# !!need help!!" anyone know whats wrong with my laptop



## computernoobnoob

my laptop seemed fine till today when i started it. it said that microsoft had to shut down do prevent damage to the disk or someting like hat. and now whenever i start the coputer it wont boot. the only message that comes up all the time is:

NVIDIA BOOT Agent 249.0542
Copyright (C) 2001-2005 NVIDIA Corporation
Copyright(C) 1997-200 Intel Cororation
PXe-E61: Media test failure, check cable
PXE-MOF: Exiting NVIDIA Boot Agent

it keeps repeating the same over and over again. the background is all black.
i can enter bios setup but i cant do anything else.
im so fed up with windows visa
any input appreciated thanks!


----------



## PabloTeK

In the BIOS is your HDD still detected?

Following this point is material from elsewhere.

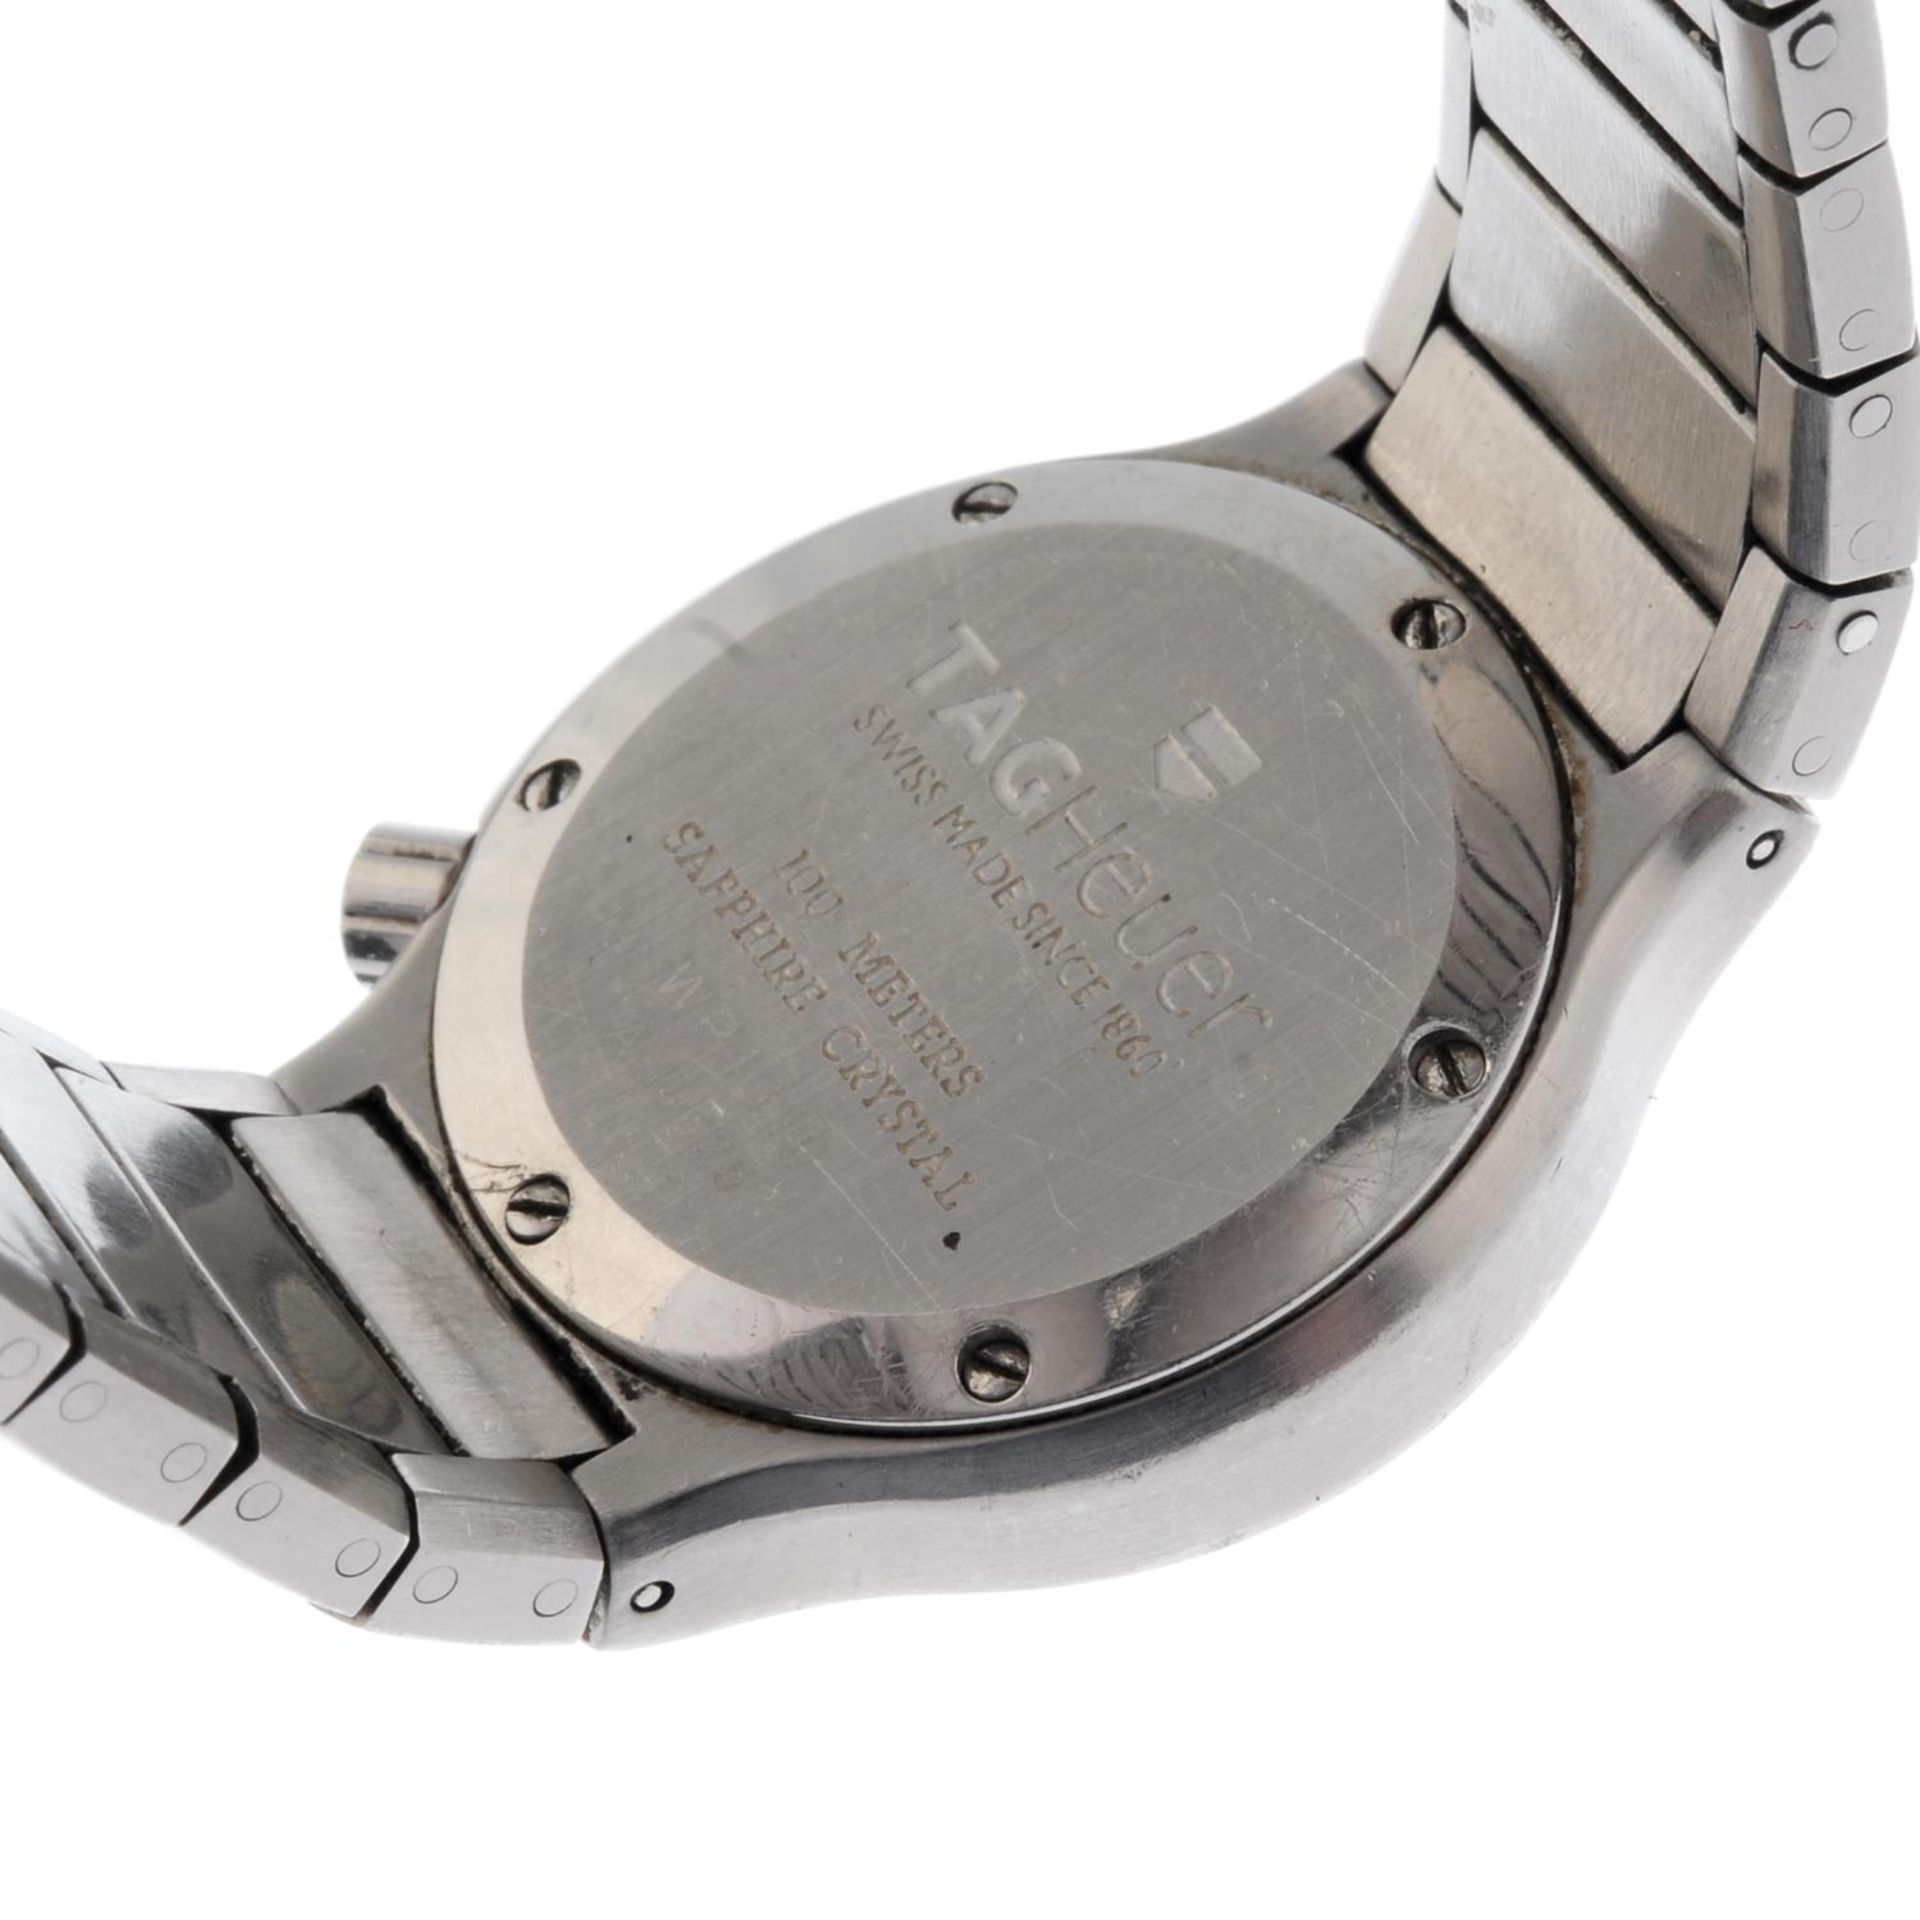 TAG HEUER - an Alter Ego bracelet watch. - Image 4 of 4

From what I've read PXE is network booting software and the message seems to mean that your drive isn't being detected so PXE starts up instead.


----------



## computernoobnoob

hi pablo thanks for ur help.

not sure what HDD means but in bios under informations it says
HDD Model Name:  None
HDD Serial Number: 
HDD Model Name: None
HDD Serial Number: 

under 'security' it says 
Supervisor Password Is  Clear
User Password Is          Clear
HDD 0 Password           HDD Password Not Support

Boot priority order:
1: IDEO
2: IDE1:
3: Cd/DVD: 
4: PCI Lan: NVIDIA Boot Agent 24....
5: USB HDD:
6: USB CD/DVD Rom:
7: USB FDD:
8: USB KEY:


----------



## cybereclipse

computernoobnoob said:


> not sure what HDD means but in bios under informations it says
> HDD Model Name:  None
> HDD Serial Number:
> HDD Model Name: None
> HDD Serial Number:



That means that your HDD (Hard Drive) is no longer detected by the computer and that your drive is probably fried. 
*Hard drives are relatively easy to replace, but if you're wary about taking apart your laptop, just give it to a shop and have them do it.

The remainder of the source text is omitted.